Well i was thinking about buying a percula clownfish. Do they need special lighting? I think the lighting from my marineland seaclear eclipse is adequate for it but im not sure. Also since im in college i will have to move my tank to and from my home about 2 a year. Would this still be ok?


----------



## Reefing Madness (Jun 26, 2011)

SaltwaterTaylor14 said:


> Well i was thinking about buying a percula clownfish. Do they need special lighting? I think the lighting from my marineland seaclear eclipse is adequate for it but im not sure. Also since im in college i will have to move my tank to and from my home about 2 a year. Would this still be ok?

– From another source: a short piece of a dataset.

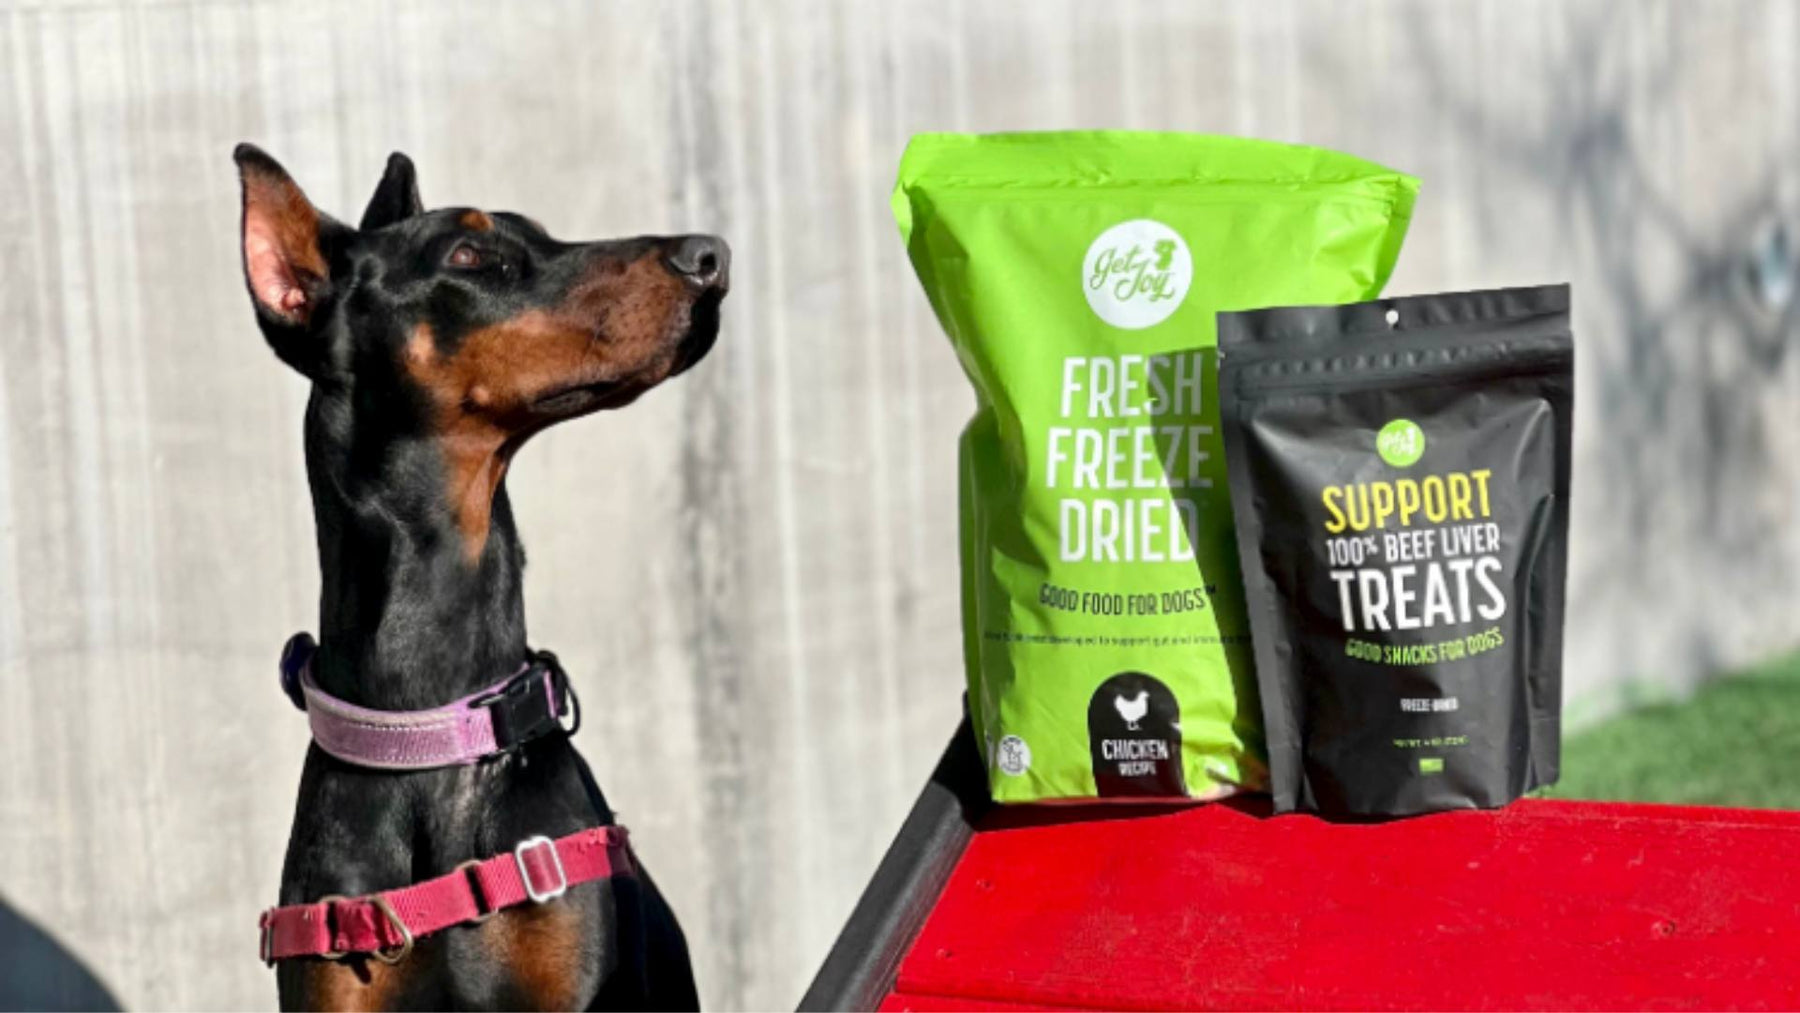 A Doberman sits outside next to two bags of Get Joy food and treats, which are displayed on a red table.
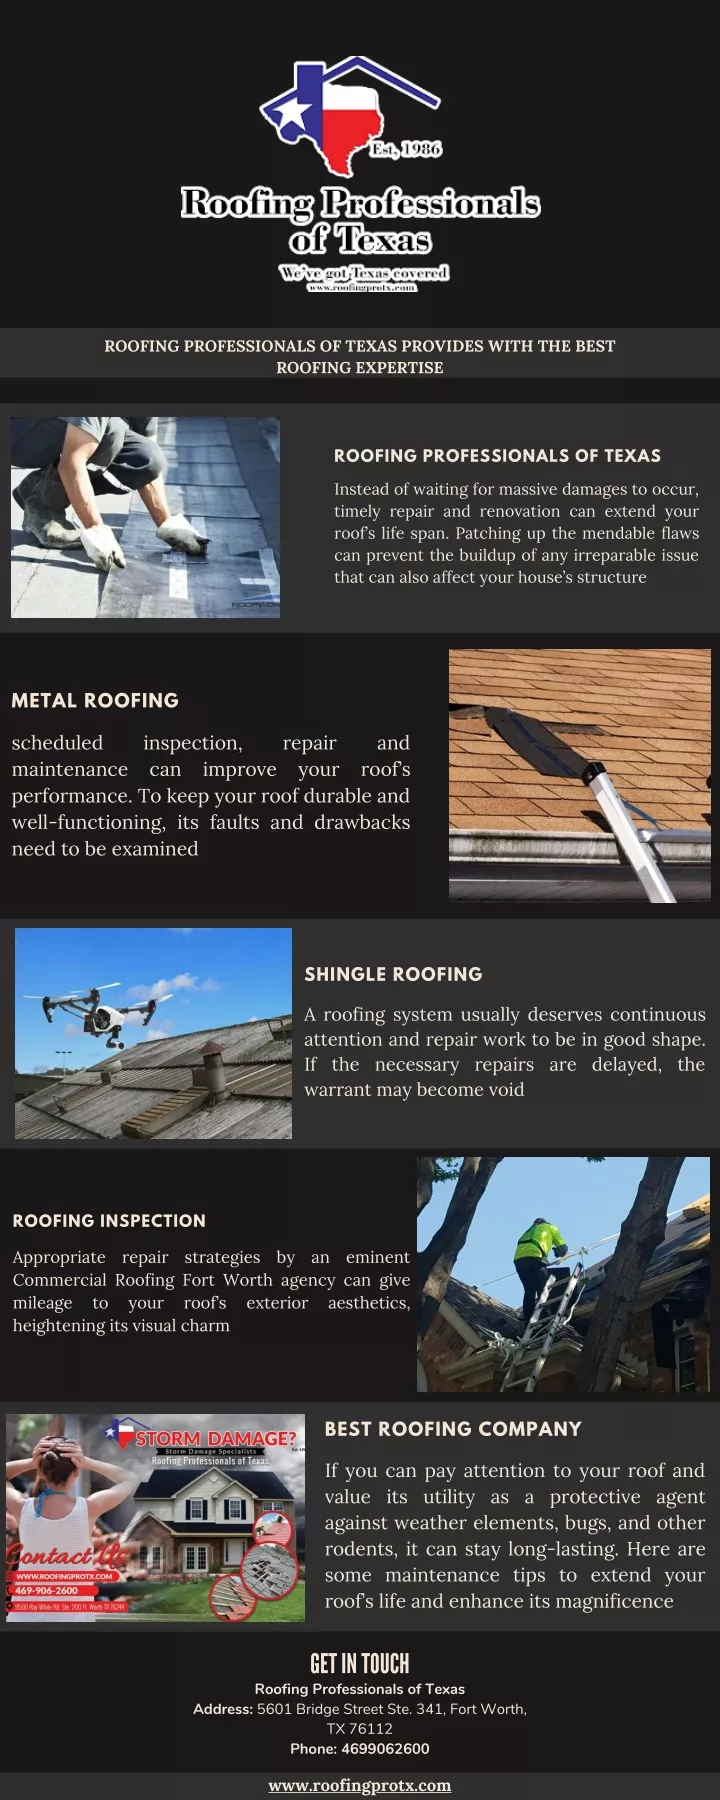 roofing professionals of texas provides with

 You don't need a skimmer in a 20g tank, if you do water changes of 10% a week. No, you fish will not need special lighting, they don't require lighting at all, it the corals that need the light. ANd moving a tank that small you will be fine. Your Perc should be ok in there. They don't do much.


----------



## SaltwaterTaylor14 (Sep 27, 2011)

Ok thats very helpful  . If i decide to put live rock in their is that ok to move and also does that need special lighting? Im planning to just try and run a saltwater aquarium through college until i get my own appt or house and then have a much bigger and better aquarium


----------



## Reefing Madness (Jun 26, 2011)

SaltwaterTaylor14 said:


> Ok thats very helpful  . If i decide to put live rock in their is that ok to move and also does that need special lighting? Im planning to just try and run a saltwater aquarium through college until i get my own appt or house and then have a much bigger and better aquarium


 It has a low light requirement, you don't need anything special for the 20g though, as it is not deep enough to require special lights. When moving the tank, remove the rock and put it in a 5 gallon bucket, then put it back when your done, this keeps it from smashing the tank when in transit.


----------



## Pasfur (Mar 29, 2008)

Reefing Madness said:


> You don't need a skimmer in a 20g tank, if you do water changes of 10% a week.


There are many different approaches to this hobby, and I disagree on this point. I would recommend a skimmer. I would also be more inclined to monitor alkalinity levels with a test kit than I would to change water at any specific rate. 

Again, there are different methods. Personally, I would say you don't need to do a 10% water change weekly, but you should instead just purchase a skimmer.  And the overall environment would be more prone to success and easy fishkeeping.


----------



## SaltwaterTaylor14 (Sep 27, 2011)

Well thank both of you I will keep both of your suggestions in mind when I start up my first saltwater tank.


----------